MS. HOLMES: Judge, so that the record is clear, I'm going to through each one of these documents right now, with the defense counsel so we don't go through this again.
* * * *
MR. MENZEL: . . . I understand where the Court's coming from on the adjournment. I would just as soon proceed so not to interrupt the continuity of the trial and discuss whether the appropriate is adjournment or —
THE COURT: Well, I'm going to make that determination. I've made a ruling and I'm going to adjourn this until December 23rd because, obviously, this case is going up and I'm just going to dot off the I's and cross of the T's. Thank you.
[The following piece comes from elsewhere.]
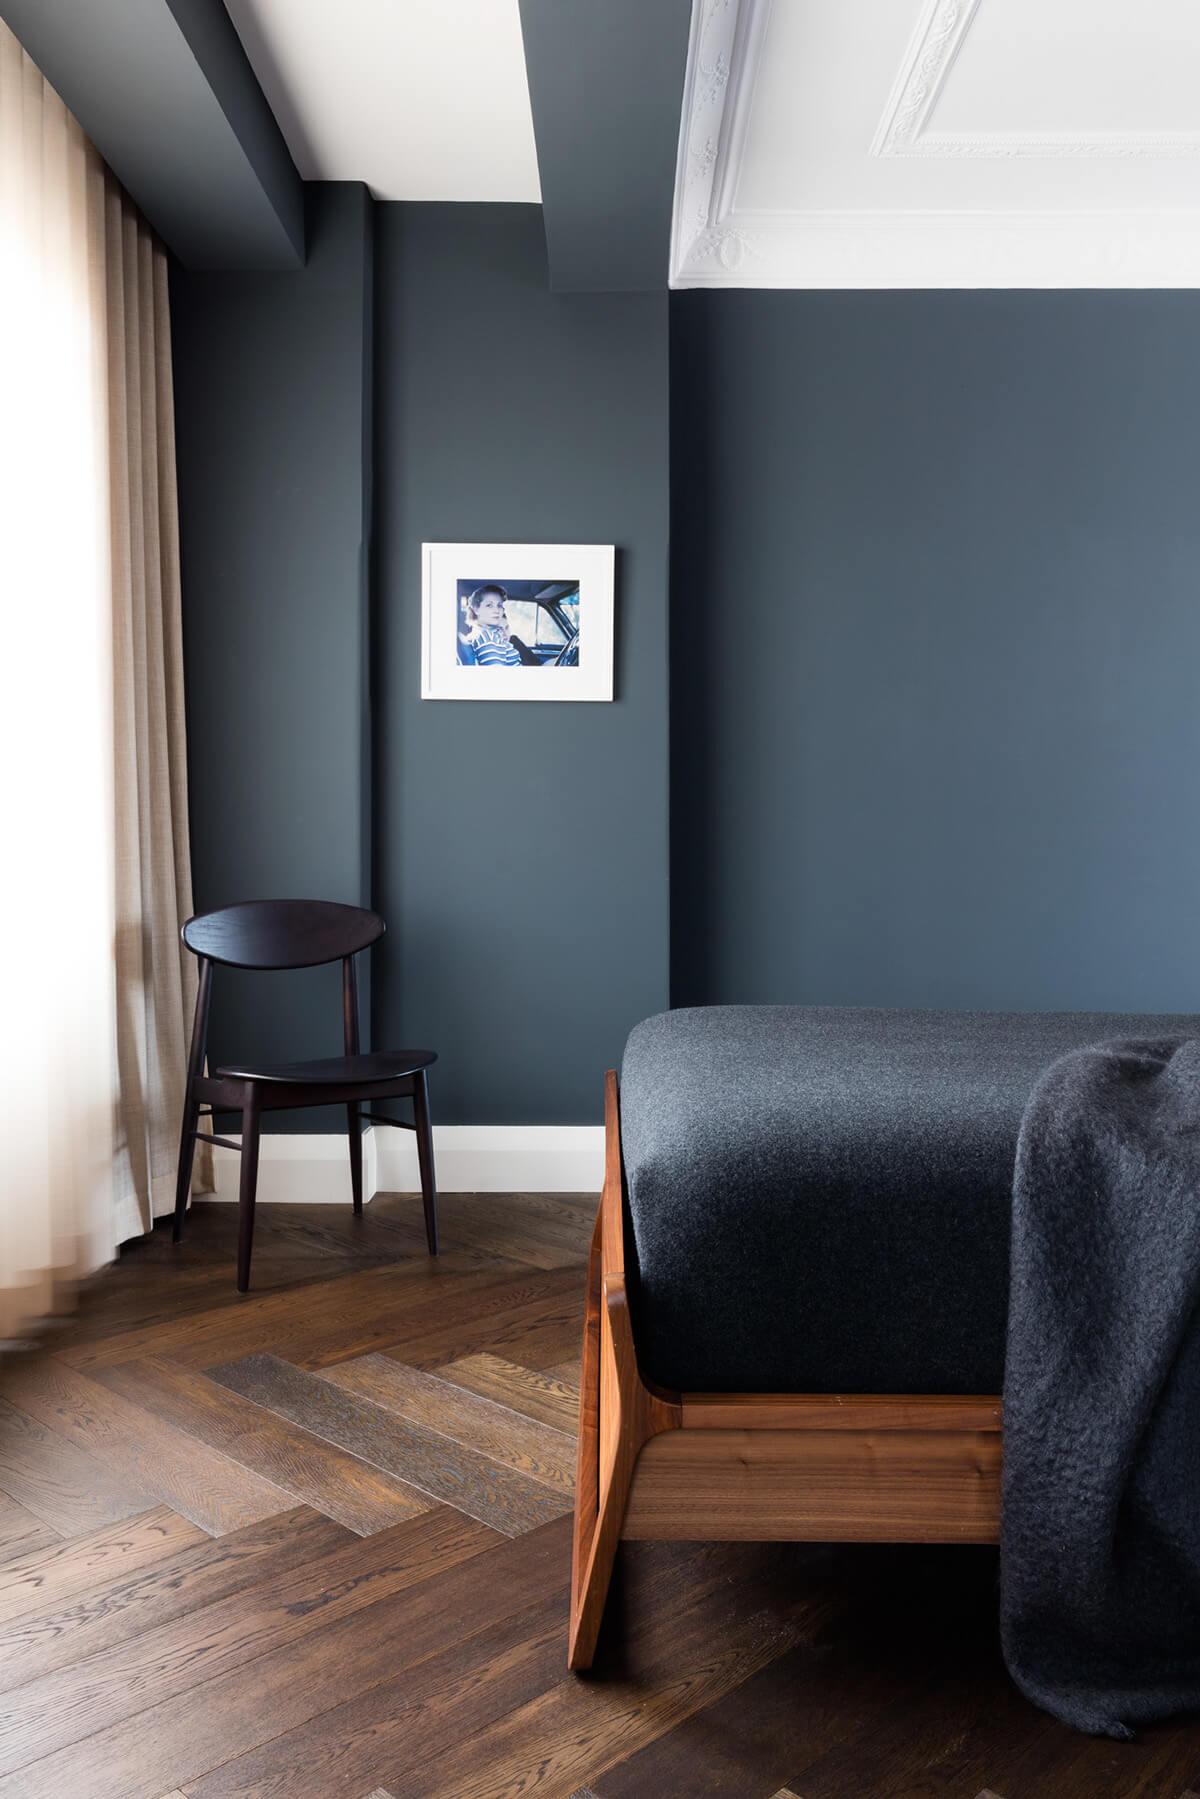 Chambre avec mur gris foncé

MR. MENZEL: Your Honor, in that case, . . . part of all that you have to consider then, is the balance of the discovery requests made in that letter because part of the prejudice, your Honor, it's the foregoing of the discovery request pursuant to State v. Ford and State v. Hollop (phonetic) as a result of the State's failure to disclose the existence and produce that after certificate.
THE COURT: Okay. Now, you can have sanctions . . . because of this.
MR. MENZEL: I understand, your Honor, but the only sanction, I mean, how it talks about money from the Prosecutor. I don't want to line my pocket with the Prosecutor's money?
THE COURT: The 18th. The 18th. Okay? Now, I'm ordering you both to get together, —
MS. HOLMES: We're going to do that now.
THE COURT: — resolve these discovery issues now.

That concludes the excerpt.